11. Мистер Монк и шедевр

В галерее Гринвальд, как я понимаю, полно астрономически дорогих картин и скульптур. В противном случае, она не располагалась бы на Юнион-сквер, в нее не пускали бы только по предварительной записи, и не было бы такого количества охранников внутри и снаружи у дверей. Нас встретила высокая, худая, безупречно одетая англичанка. Края ее костюма на плечах, талии и бедрах напоминали острую бритву. Даже черты лица были острыми. Находящийся рядом с ней человек рискует перерезать себе горло об ее заостренные скулы, угловой подбородок или кончик хирургически острого носа, который она задрала так высоко, будто хотела оградить себя от нашего зловония.

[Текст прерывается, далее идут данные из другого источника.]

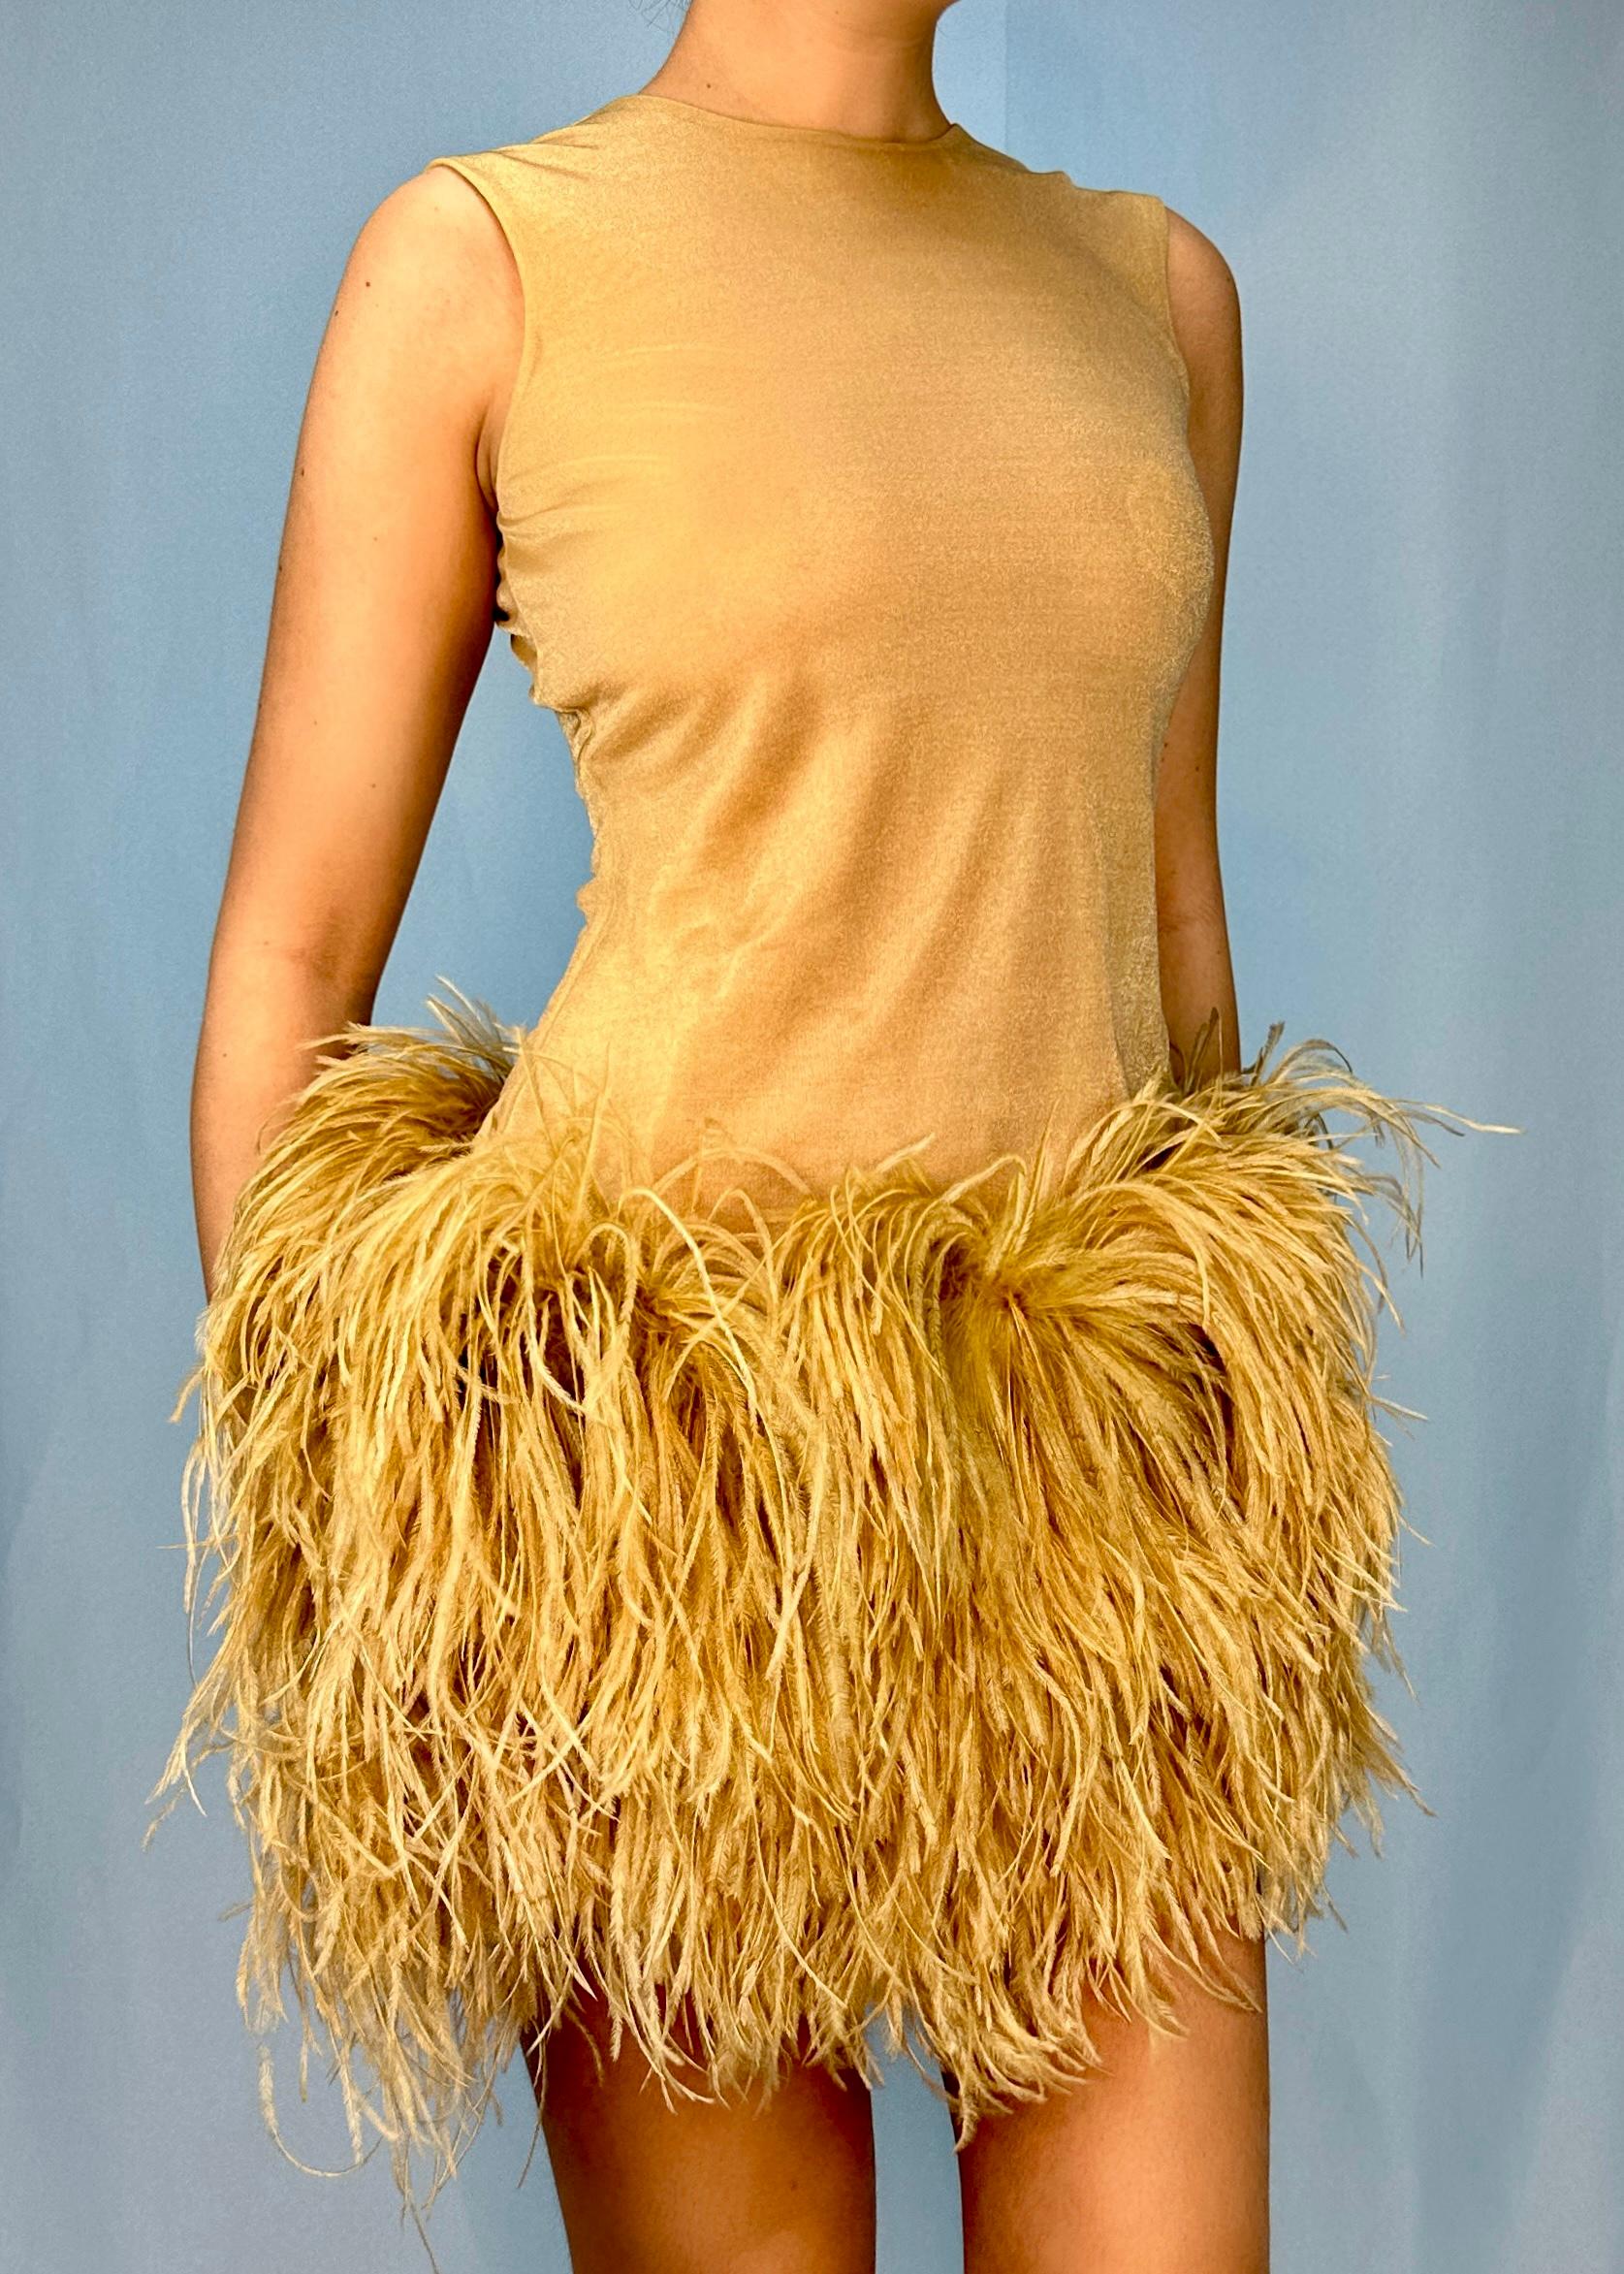 Helmut Lang Fall 1990 Runway Feather Trim Dress In New Condition For Sale In Hertfordshire, GB

— Меня зовут Пруденс Гринвальд, я владелица галереи. Мистер Коллинз уже ждет вас, детективы, в заднем зале, — произнесла она с изысканным британским акцентом. — Следуйте за мной, и, пожалуйста, не прикасайтесь к произведениям искусства.

Ее акцент казался фальшивкой, необходимой ей для сочетания с хирургическим макияжем.

Не знаю, правдиво ли мое подозрение, но мне хотелось бы в это верить. И я не стала переубеждать ее, что не являюсь детективом и не поправила насчет звания Монка. Он же не просто детектив, а капитан отдела убийств. Приятно, что она приняла меня за авторитетную фигуру.

— Есть ли у Вас картины с собаками, играющими в покер? — поинтересовалась я. — Мы их просто обожаем.

— В настоящее время нет, — ответила она.

— А как насчет портретов Элвиса?

Она презрительно посмотрела на меня. — Боюсь, нет.

— Тогда, полагаю, сегодня мы ограничимся только просмотром, — сострила я.

Мы обнаружили Макса Коллинза за любованием клубком железных нитей, напоминающих огромный ком шерсти, выблеванный кошкой. Скульптура стояла на белом постаменте, подсвеченном галогеновыми лампами.

Коллинз носил безупречно сшитый костюм так, словно сам работал моделью, но я оглянулась вокруг и нигде не увидела его отражения. Вероятно, он сам знал, как хорошо выглядит. Ему было лет тридцать пять, зубы сверкали белизной, а кожа отливала таким золотистым загаром, что, возможно, сам Джордж Хэмилтон посылал ему письма как поклонник.

— Спасибо, что согласились встретиться со мной здесь, капитан, — Коллинз протянул руку Монку, которую тот пожал, и сразу жестом попросил у меня салфетку. — Я не мог пропустить сделку. Эти произведения искусства идут в мои руки от частного коллекционера, продающего некоторые экземпляры, чтобы собрать деньги на другие начинания. Его потеря — моя прибыль.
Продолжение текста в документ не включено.